Northern Rock Foundation
- Founded: 4 August 1997; 28 years ago
- Dissolved: 25 April 2016; 9 years ago
- Type: Charitable organisation
- Registration no.: A company limited by guarantee registered in England and Wales number 3416658, Registered charity number: 1063906
- Location: The Old Chapel, Woodbine Road, Gosforth, Newcastle upon Tyne NE3 1DD;
- Region served: North East and Cumbria
- Website: www.nr-foundation.org.uk

= Northern Rock Foundation =

Independent charity in the United Kingdom

Northern Rock Foundation was an independent charity and company limited by guarantee in the United Kingdom. It was formed in 1997 when the Northern Rock company was floated on the stock exchange. Following the near-collapse of the bank and its nationalisation by the UK government, followed by the eventual sale of part of it to Virgin Money. The Foundation continued for a number of years. Virgin Money contributed grants totalling £1.5 million in 2011 and 2012, but in April 2014 it was announced that it would be wound down after not being able to agree further funding terms with Virgin. It closed in 2016.

The Northern Rock Foundation aimed to tackle disadvantage and improve quality of life in the North East and Cumbria. Between 1998 and 2016 the Foundation awarded £235.8 million in 4,417 grants.

==History==
===Founding===
The foundation was formed when the Northern Rock company was floated, with an initial donation of 15% of the share capital and a covenant to donate 5% of the company's annual profit thereafter. In 2006, Northern Rock was the second largest charitable giver in the FTSE 100 after ITV.

In April 1996, when the Building Society was considering demutualisation, plans were announced by the then chairman, Robert Dickinson, for the creation of the foundation. Since the official launch of the foundation in January 1998, it has steadily grown and expanded its activities. The Foundation's work is carried out by a professional staff team of 12 based in Gosforth. Previously in 2007 there had been 25 staff at the foundation. In 2003, along with a new logo and the introduction of new programmes, the Foundation moved to a new building – the renovated Old Chapel in Gosforth. At the end of 2006 the foundation received £28.2 million investment. By the end of 2007 £190 million had been donated to the foundation, by Northern Rock.
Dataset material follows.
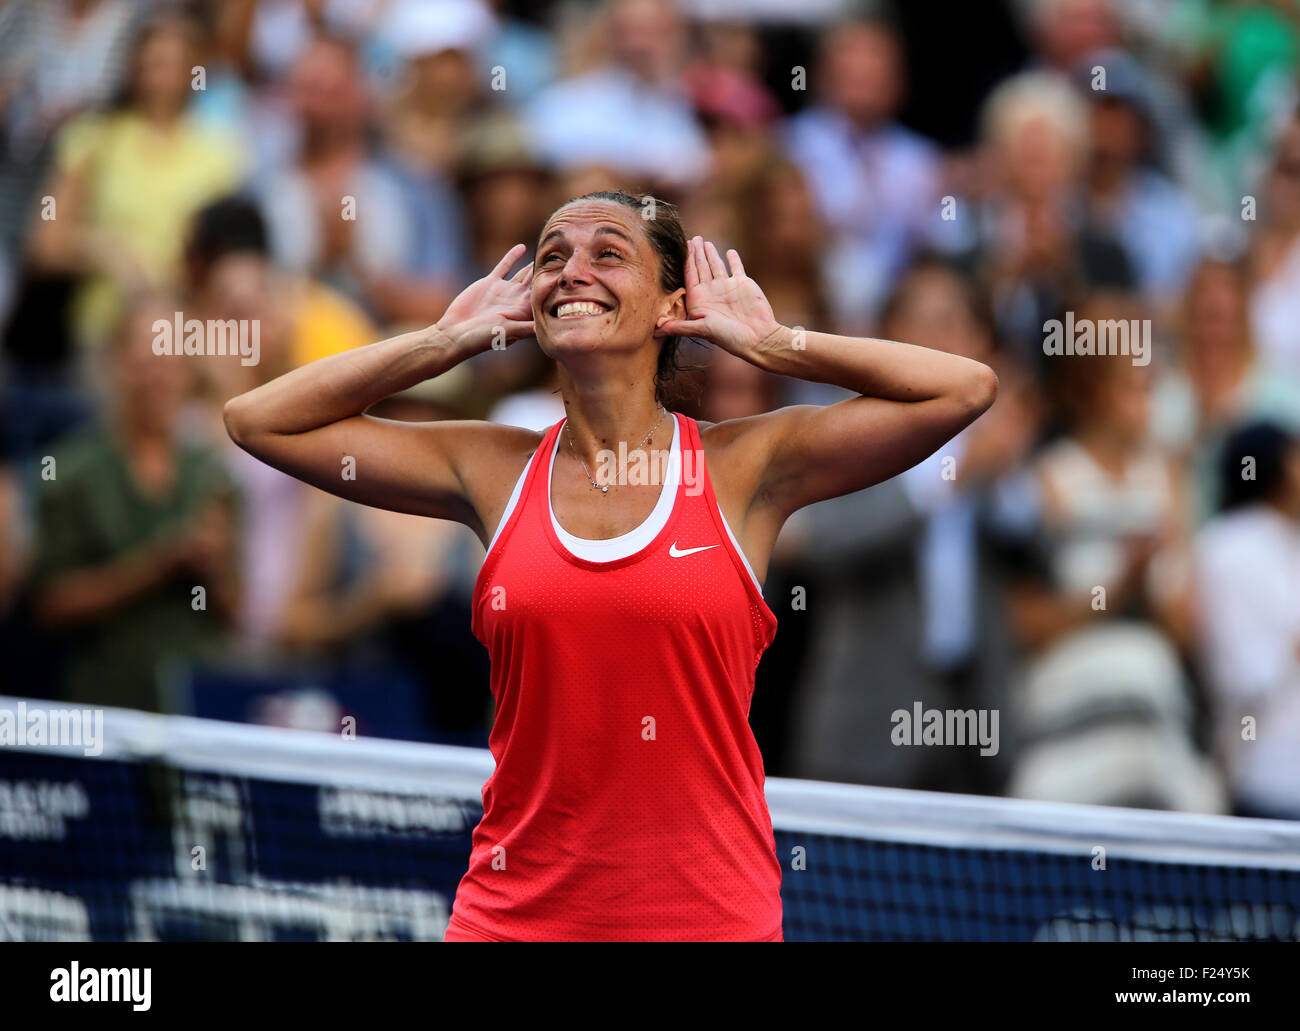 Flushings Meadow, New York, USA. 11th Sep, 2015. Roberta Vinci of Italy listens to the roar of the crowd after defeating Serena Williams in their semifinal match at the U.S. Open in Flushing Meadows, New York on the afternoon of September 11th, 2015. Vinci won the match 2-6, 6-4, 6-4. Credit:  Adam Stoltman/Alamy Live News Stock Photo

===Effect of the Northern Rock nationalisation===
Nationalisation ended the covenant requiring Northern Rock to remit a share of profits to the Foundation. Instead, for the next three years the Foundation was to receive an annual £15 million payment from Northern Rock, whether it remained publicly owned or returned to the private sector. The Foundation's shares were to be cancelled and compensated in the same way as those of other shareholders. £7.3 million was awarded during the first 10 months of 2008, with an expected further £3.7 million before the end of the year.

===Effect of the Northern Rock sale to Virgin Money===
Upon the sale to Virgin Money, the deals with the Northern Rock Foundation was extended to at least 2013, which give Virgin and the Foundation time to discuss how they would work together; Virgin also run Virgin Money Giving, another not-for-profit company. In July 2013 Virgin Money donated £500,000 to the foundation to continue its work during that year.

It was announced on 22 April 2014, that after numerous discussions, Virgin Money could not commit to funding the Northern Rock Foundation, and that as the foundation received no income from any other source it would be wound down. Also in 2014 Virgin Money announced that they would create their own charitable foundation, the Virgin Money Foundation.

In January 2015 the head office of the foundation, The Old Chapel, Gosforth, was sold to another group of charities, the Community Foundation serving Tyne and Wear and Northumberland.

The trustees took the decision to close down the foundation on 25 April 2016.

==Northern Rock Foundation Hall==
One of the halls at the Sage Gateshead is named the Northern Rock Foundation Hall.